Me entero de la muerte de un amigo. Era pintor. No llegaba a los cincuenta años. El día antes de fallecer estuve dialogando con él a través del Messenger. La sensación de extrañeza es tan intensa que me sumo en el terror y la irrealidad. Que lo que existía deje de existir repentinamente y de modo definitivo resulta tan vertiginoso que es inasumible. Un par de días después, me encuentro con una de sus hermanas que me habla de sus cenizas. Esta noticia, el que lo hayan incinerado, la experimento como si ya muerto, lo hubieran rematado, reducido a nada. Llego a casa tan sombrío como incrédulo: no es posible tanto aniquilamiento en un instante. Luego, algo más sereno, reflexiono y me doy esperanza. La muerte no puede ser verdad. Hay que tener fe, no en esta o en aquella religión: nuestra dignidad, nuestra belleza, nuestra complejidad no pueden desaparecer sin más y para siempre.
Las obras de arte con el tiempo cambian de significación o adoptan otras nuevas. De acuerdo, es cierto. Ya lo indicaba Yuri Lotman al hablar de la memoria que el símbolo supone palpitando en el seno de toda obra artística de altura, sea esta un cuadro, una novela o un film. Lo que ocurre es que las “nuevas” significaciones que se encarnan en las obras últimamente parecen tener todas de un mismo signo: las pinturas de Miguel Ángel, muchas obras del Barroco, el motivo iconográfico del martirio de san Sebastián, ahora, todo ello es interpretado en clave gay. No rechazo este tipo de apreciaciones, pero, francamente veo más interesantes las valoraciones clásicas que las surgidas como flecos de determinados discursos políticos. La dispersión de la complejidad semántica posibilita la floración inercial de interpretaciones de este tipo, aunque admito que todas ellas puedan convivir en el marco de las multiplicidades experienciales.
Leo el último libro aparecido de José Antonio Marina, El deseo interminable. En sus obras abundan las citas sobre psicología o neurología. La vocación de historiador de Marina enfría mi interés por este autor que siempre he hecho el esfuerzo de abordar para finalmente quedarme con cierta sensación de indiferencia. Personalmente, lo que a mí me “pone” es el mundo de la significación, la filosofía pura, la semiótica, la hermenéutica, el universo de la representación artística, la poesía, las periferias y colindamientos de la semántica. Todo lo que implique procesos de datos, acumulación de información, rastreo histórico, adquiere para mí la pesantez de lo externo, de lo indefinidamente cuantitativo. Veo que Marina es más un historiador de ideas o evoluciones sociales que un creador de conceptos. Lo realmente interesante de su obra puede ser la perspectiva que articula sobre el motivo en cuestión de su investigación, desde dónde analiza algo. Pero no puedo evitar pensar que su escritura es la de un ensayista o filósofo estándar, que impacta más con los títulos de sus obras que con lo que realmente descubre.

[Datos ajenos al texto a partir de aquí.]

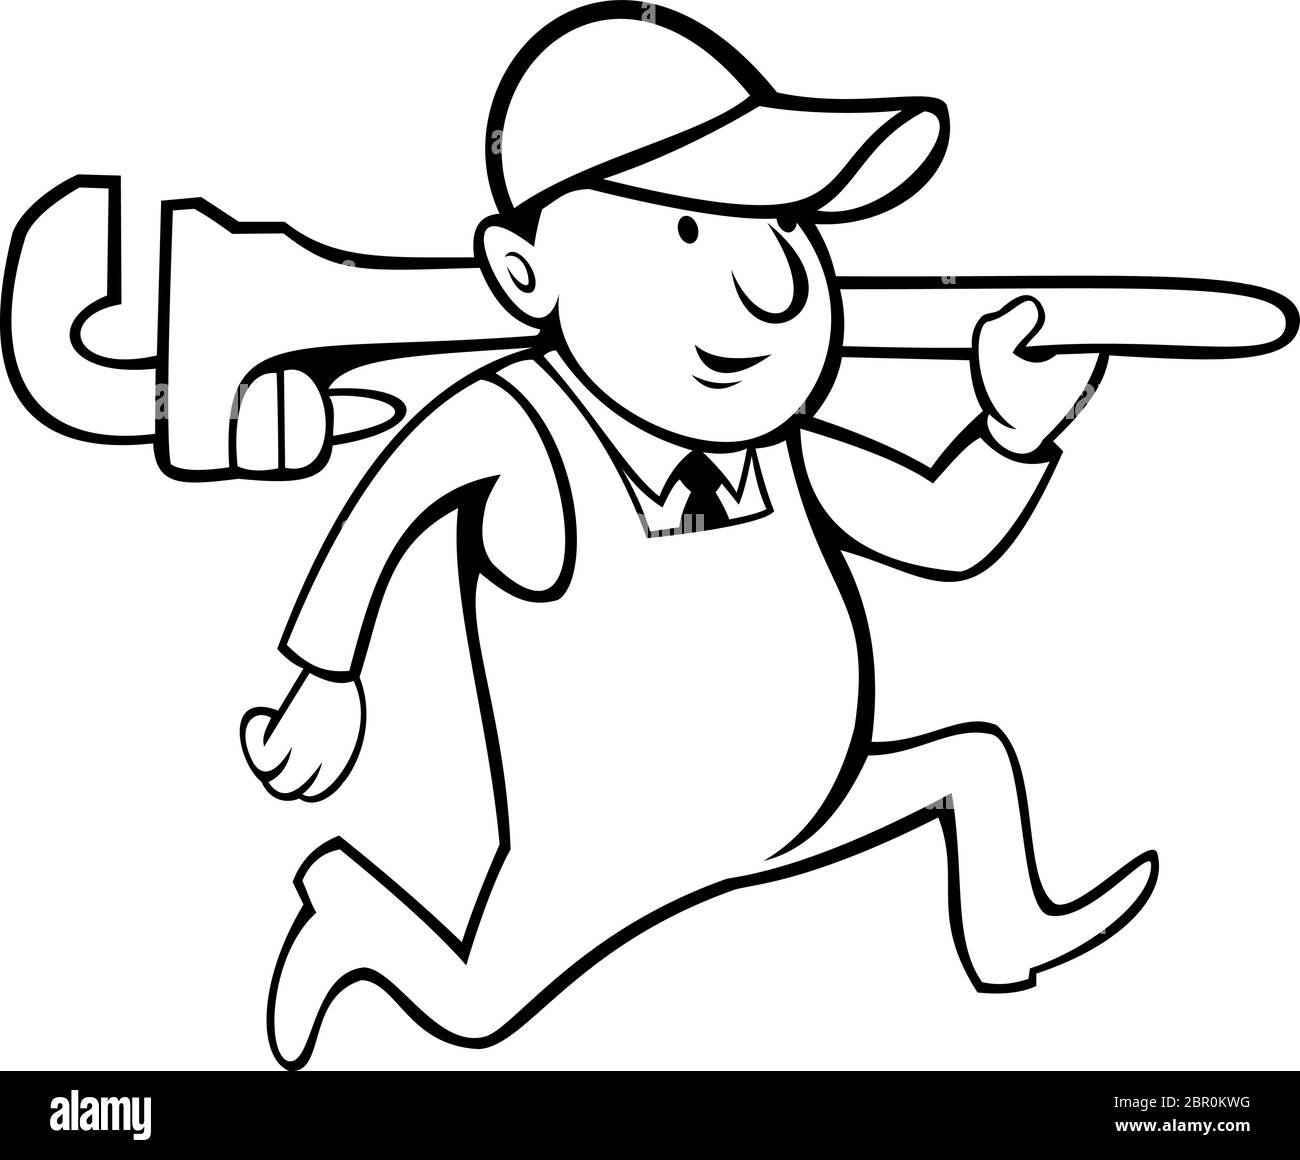 Illustration de style caricature d'un plombier ou d'un homme de main tenant une clé à singe sur fond blanc isolé fait en noir et blanc. Illustration de Vecteur

El otro día, por azar, pillé apenas empezada la película de Tarkovsky, Andrei Rubliev. Creía al principio que iba a experimentar algún rechazo tras haberme saturado con el cine del ruso y con todo tipo de rarezas cinematográficas. Pero no, apenas visioné unos segundos, enseguida se produjo ese magnetismo, esa magia densa que emite el cine de este autor del mismo modo que lo hace, contundentemente, el de Bergman. La atmósfera de Tarkovsky se capta al instante, es decir, con tal de que el film fluya un instante, apenas aparecida la fotografía, ahí está el impacto, el modo de narrar, de generar matices y construir el tiempo fílmico. Por ejemplo: de pronto, la cámara refleja una masa vegetal. El pintor de iconos atraviesa la escena, se para y mira poniéndose de perfil. Suena una música lejana, atenuada, de xilófonos. Pasa a la siguiente escena. Este momento que no parece contar nada casi es la quintaesencia de Tarkovsky: poseer el Tiempo a través de una aparente fruslería de enorme densidad significativa. El director ruso filma un movimiento mínimo, el paso del viento sobre la hierba, el deslizamiento apenas de una urdimbre vegetal, un charco de agua del que emergen objetos inconcretos y lo puede hacer con todo lujo de detalles, con toda morosidad, superficialmente: cualquier cosa que aparezca en su film se incorpora o pertenece a una masa que es el evento en sí, lo que le interesa narrar a Tarkovsky, lo que está prendido de lo que le precede o le sigue en un gran grupo o flujo de acontecimiento y que desde una perspectiva realista u objetivista no sería apenas nada.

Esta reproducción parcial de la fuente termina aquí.